PROBLEM TO WORK ON ▸
Only the pictures should be left out; write out all other data exactly.

GIVEN MATERIAL ▸
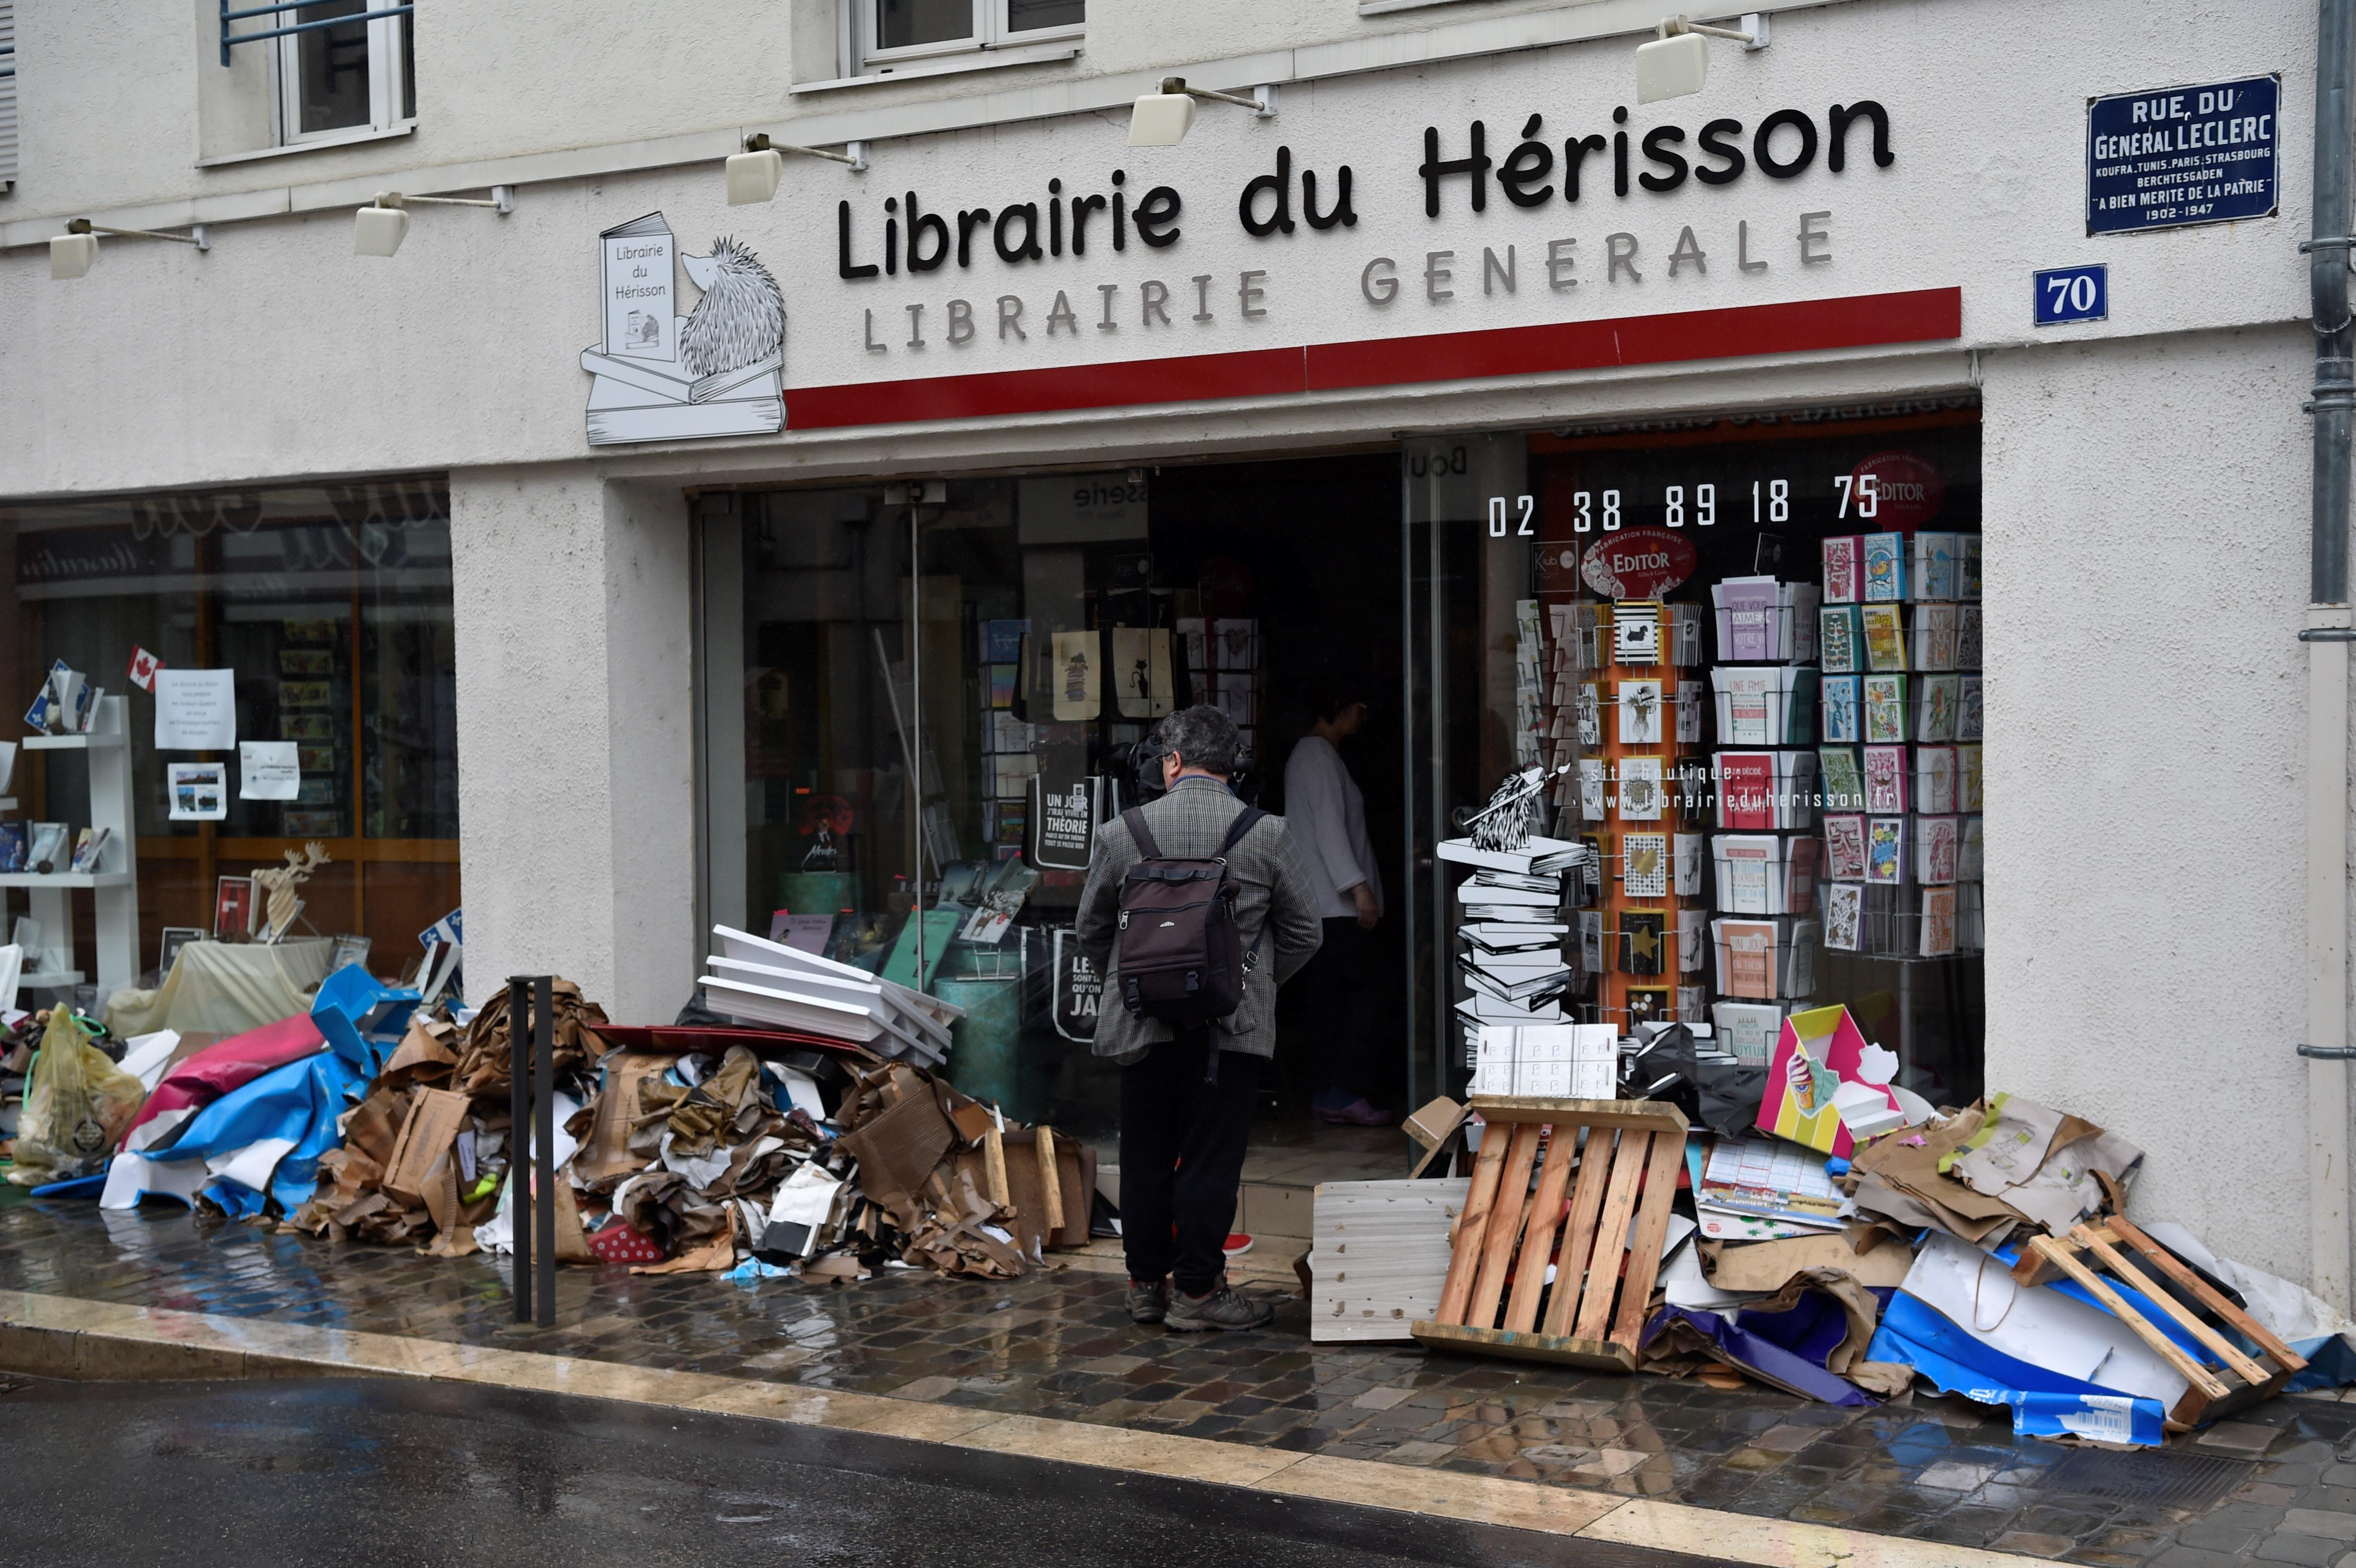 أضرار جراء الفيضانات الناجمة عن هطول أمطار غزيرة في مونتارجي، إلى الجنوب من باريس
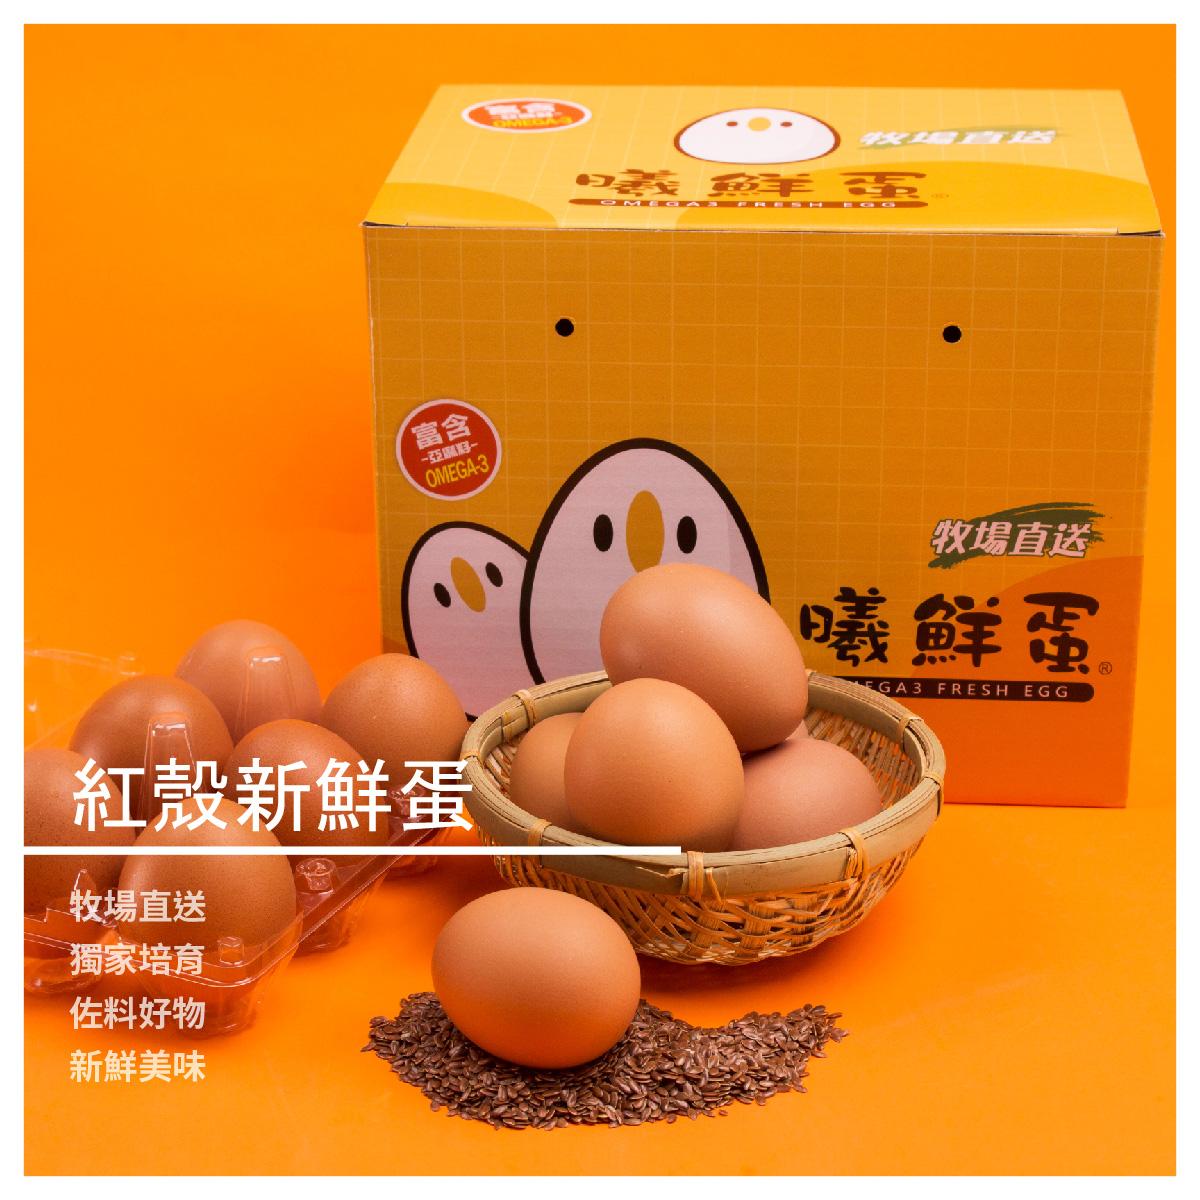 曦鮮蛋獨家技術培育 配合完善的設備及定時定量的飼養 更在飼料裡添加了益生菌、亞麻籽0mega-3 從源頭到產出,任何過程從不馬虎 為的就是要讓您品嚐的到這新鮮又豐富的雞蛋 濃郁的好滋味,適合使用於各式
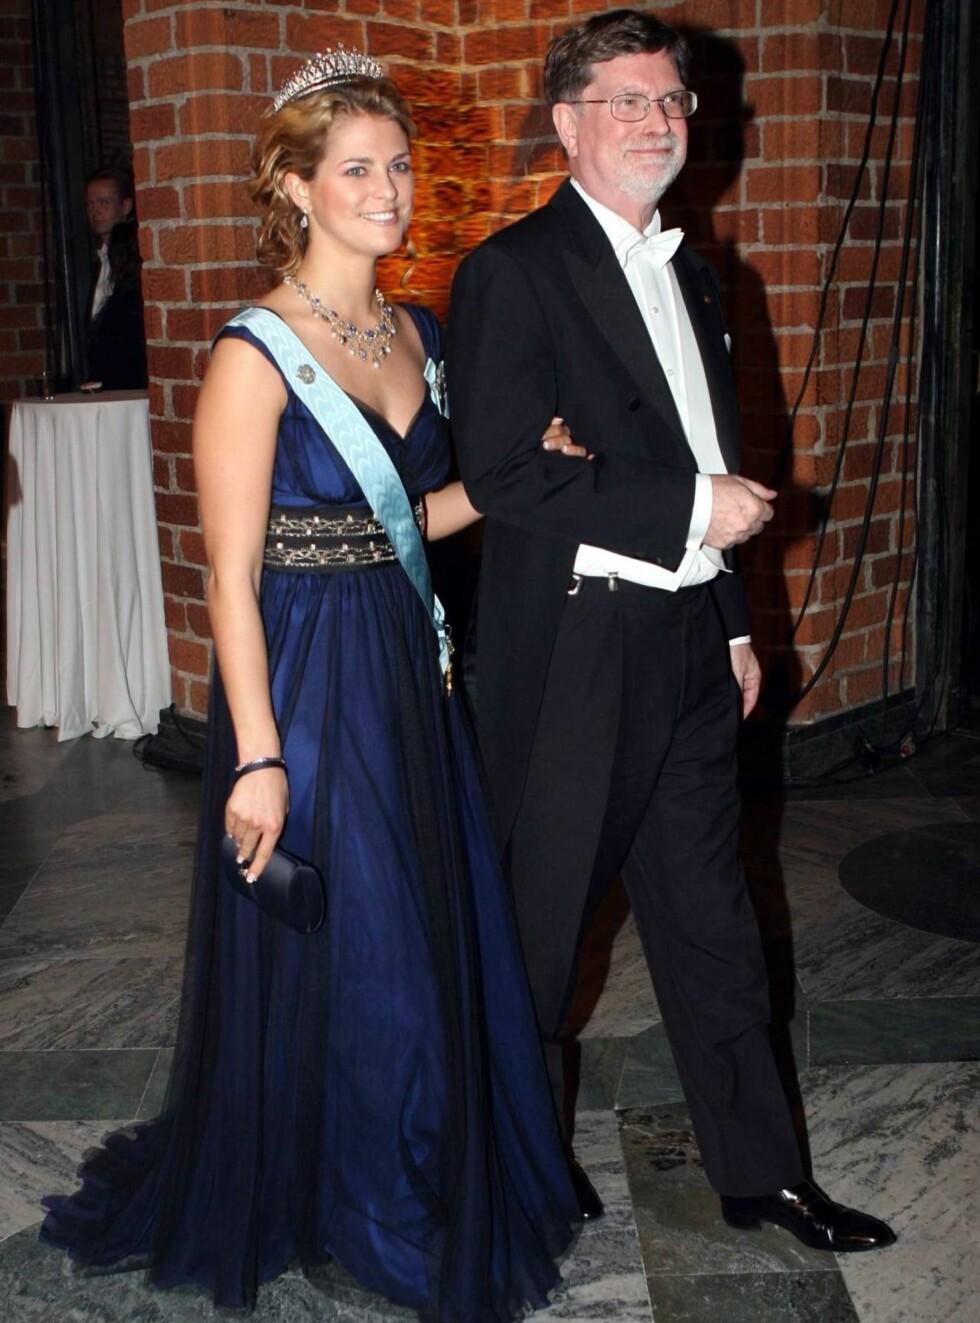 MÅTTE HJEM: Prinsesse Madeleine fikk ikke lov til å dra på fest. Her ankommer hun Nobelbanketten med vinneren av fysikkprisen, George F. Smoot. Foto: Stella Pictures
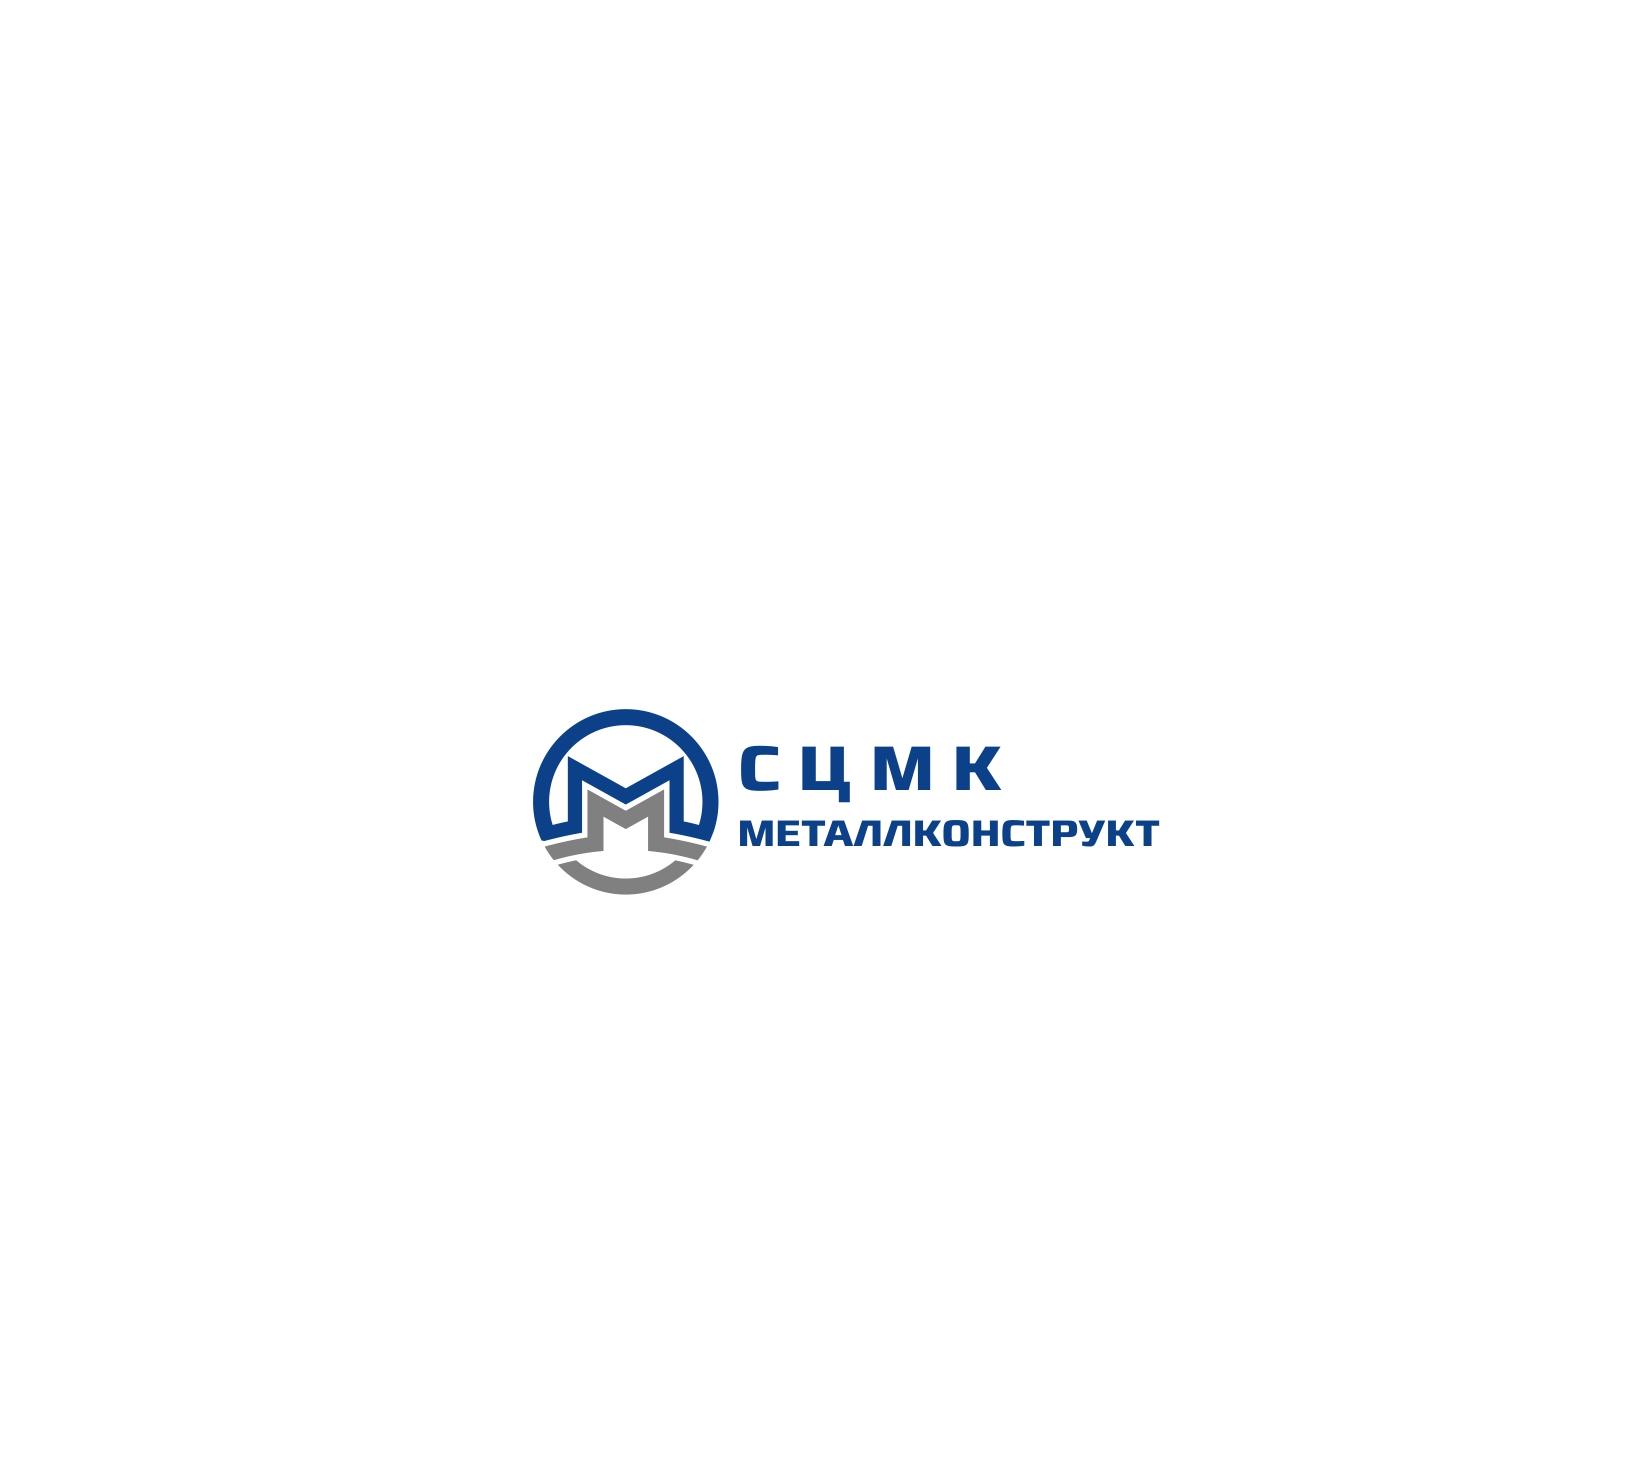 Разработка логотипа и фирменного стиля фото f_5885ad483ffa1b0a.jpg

RESULT OF THIS EXERCISE ▸
 أضرار جراء الفيضانات الناجمة عن هطول أمطار غزيرة في مونتارجي، إلى الجنوب من باريس
 曦鮮蛋獨家技術培育 配合完善的設備及定時定量的飼養 更在飼料裡添加了益生菌、亞麻籽0mega-3 從源頭到產出,任何過程從不馬虎 為的就是要讓您品嚐的到這新鮮又豐富的雞蛋 濃郁的好滋味,適合使用於各式
 MÅTTE HJEM: Prinsesse Madeleine fikk ikke lov til å dra på fest. Her ankommer hun Nobelbanketten med vinneren av fysikkprisen, George F. Smoot. Foto: Stella Pictures
 Разработка логотипа и фирменного стиля фото f_5885ad483ffa1b0a.jpg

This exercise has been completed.